Stein v. R. - TCC: Another tax protestor meets defeat

Stein v. R. - TCC:  Another tax protestor meets defeat

http://decision.tcc-cci.gc.ca/tcc-cci/decisions/en/item/110702/index.do

Stein v. The Queen (July 9, 2015 – 2015 TCC 176, Favreau J.).

Précis:  This is another case of a taxpayer claiming business losses in the context of a classic tax protest filing.

The Tax Court dismissed the appeal with costs.

Decision:   There is not much to say about this case.  It is one in a long line of decisions throwing out business loss claims, perhaps unique because of the degree of education of the taxpayer:

[39]        In this case, I do not believe that the interpretation provided by the appellant is reasonable in the circumstances. In my view, the Minister discharged his burden of proof and established, without ambiguity, that the appellant, knowingly or under circumstances amounting to gross negligence, participated in making false business expense claims in his tax returns for the 2003 to 2007 taxation years and for the 2009 taxation year.

[40]        This Court has often had the opportunity to rule on the interpretation of subsection 163(2) of the Act and on its application in cases like this one, where taxpayers have claimed deductions for fictitious business losses in order to obtain significant tax refunds. The following decisions all deal with the application of gross negligence penalties, although the list is not exhaustive:

-         Lamarre v. Canada, [2000] T.C.J. No. 542 (Tardif J.);

-         Kion v. Canada; 2009 TCC 447 (Sheridan J.);

-         Nowak v.
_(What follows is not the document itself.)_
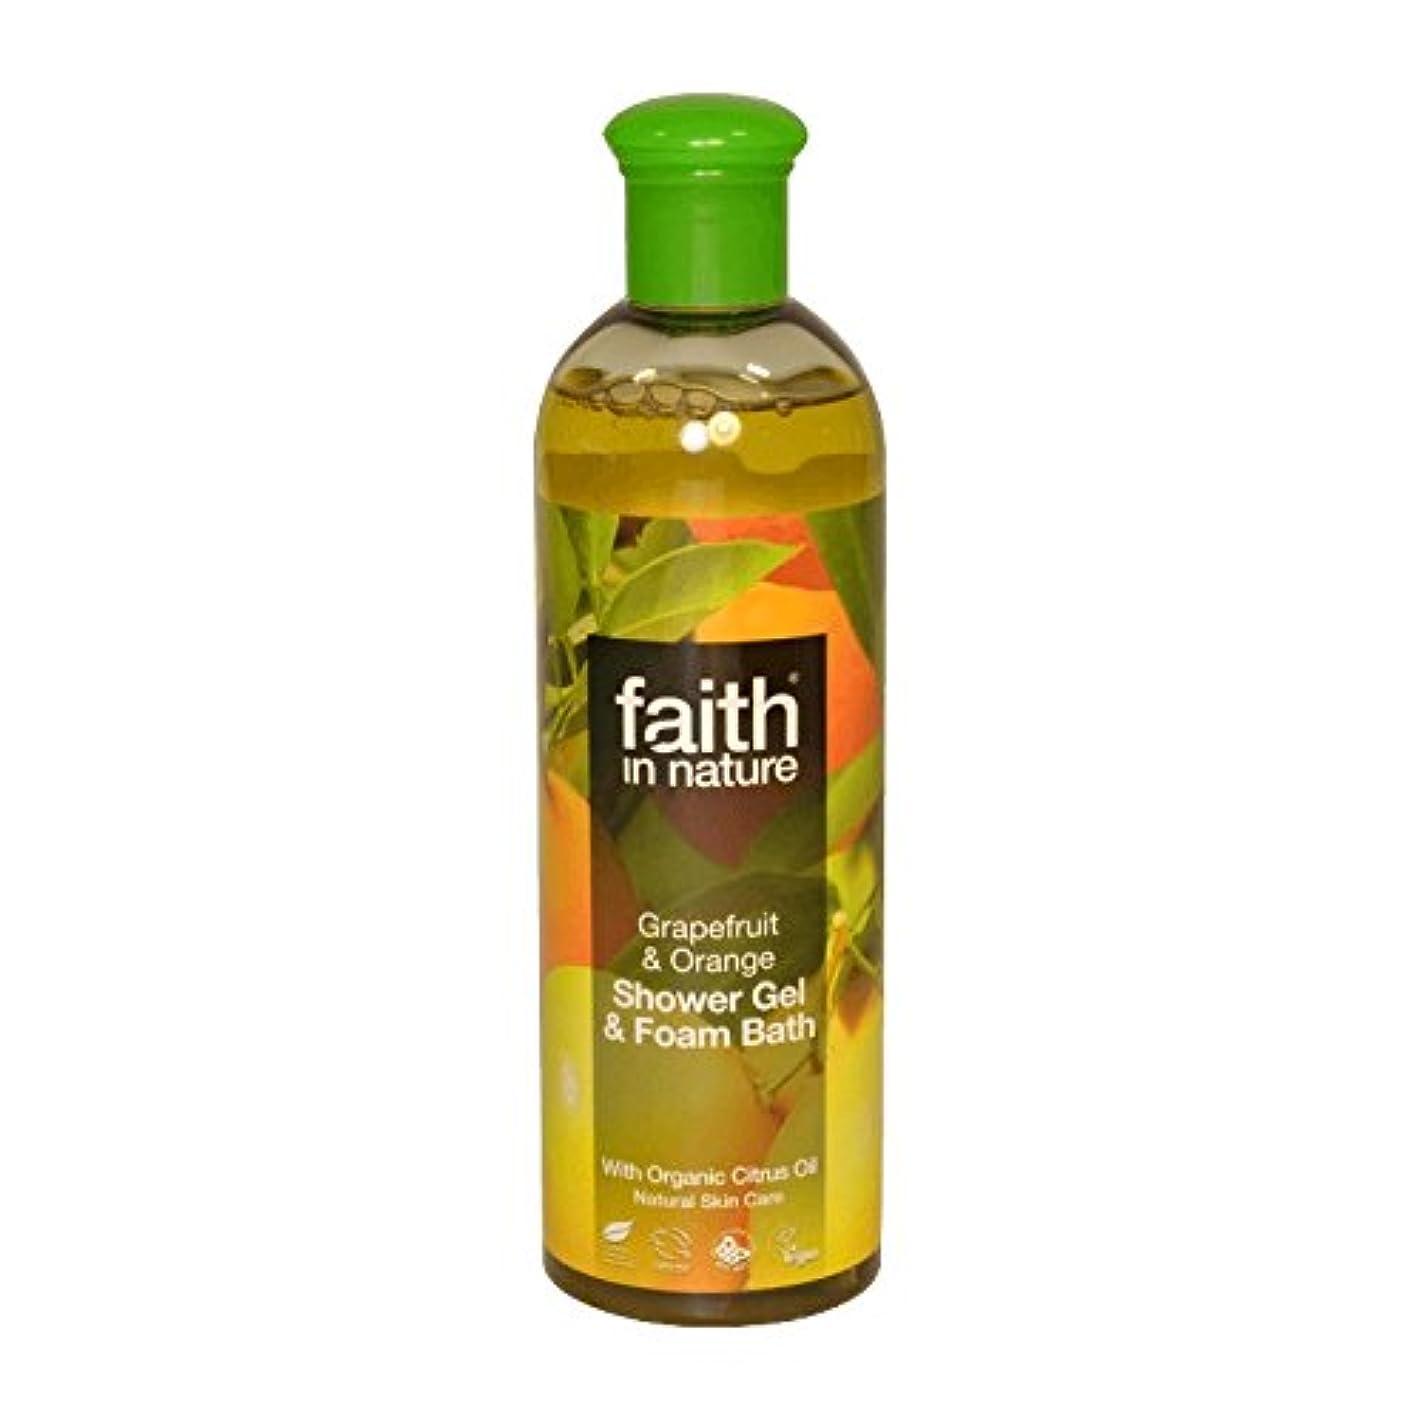 説明フェザー棚自然グレープフルーツ&オレンジシャワージェル&バス泡400ミリリットルの信仰 - Faith in Nature Grapefruit & Orange Shower Gel & Bath Foam 400ml (Faith...

Canada, 2011 TCC 3 (Paris J.);

-         Robert v. Canada, 2011 TCC 166 (Favreau J.);

-         Janovsky v. Canada, 2013 TCC 140 (V.A. Miller J.);

-         Bhatti v. Canada, 2013 TCC 143 (C. Miller J.);

-         Brisson v. Canada, 2013 TCC 235 (V.A. Miller J.);

-         McLeod v. Canada, 2013 TCC 228 (Woods J.);

-         Torres et al. v. Canada, 2013 TCC 380 (C. Miller J.) affirmed by the Federal Court of Appeal, 2015 FCA 60; and

-         Girard v. Canada, 2014 TCC 107 (L. Lamarre J.).

[41]        The fact that the initial and the amended tax returns were not signed by the appellant cannot free the appellant from liability because I am satisfied that the tax returns were prepared by Mr. Ste-Marie on his behalf and on his instructions. The appellant was familiar with the content of the tax returns and participated in their preparation by submitting lists of reimbursed facilitation expenses and of annual author’s fees. He did not notify the CRA of his disagreement with the tax returns filed.

[42]        The appellant received several warnings from the CRA regarding the potential application of gross negligence penalties but he did nothing to remedy the situation and did not consult with taxation experts in order to do so. The appellant’s cavalier attitude shows a degree of negligence or wilful blindness that amounts to gross negligence.

[43]        The appellant has three university degrees and holds an important position at Hydro-Québec. He was very aware of the falsity of the amounts entered into his tax returns and he did not sign them because he was afraid of making false statements. Despite all of that, the appellant participated in, assented to or acquiesced in the making of false statements in his tax returns filed for the years at issue.

As a result the appeal was dismissed with costs.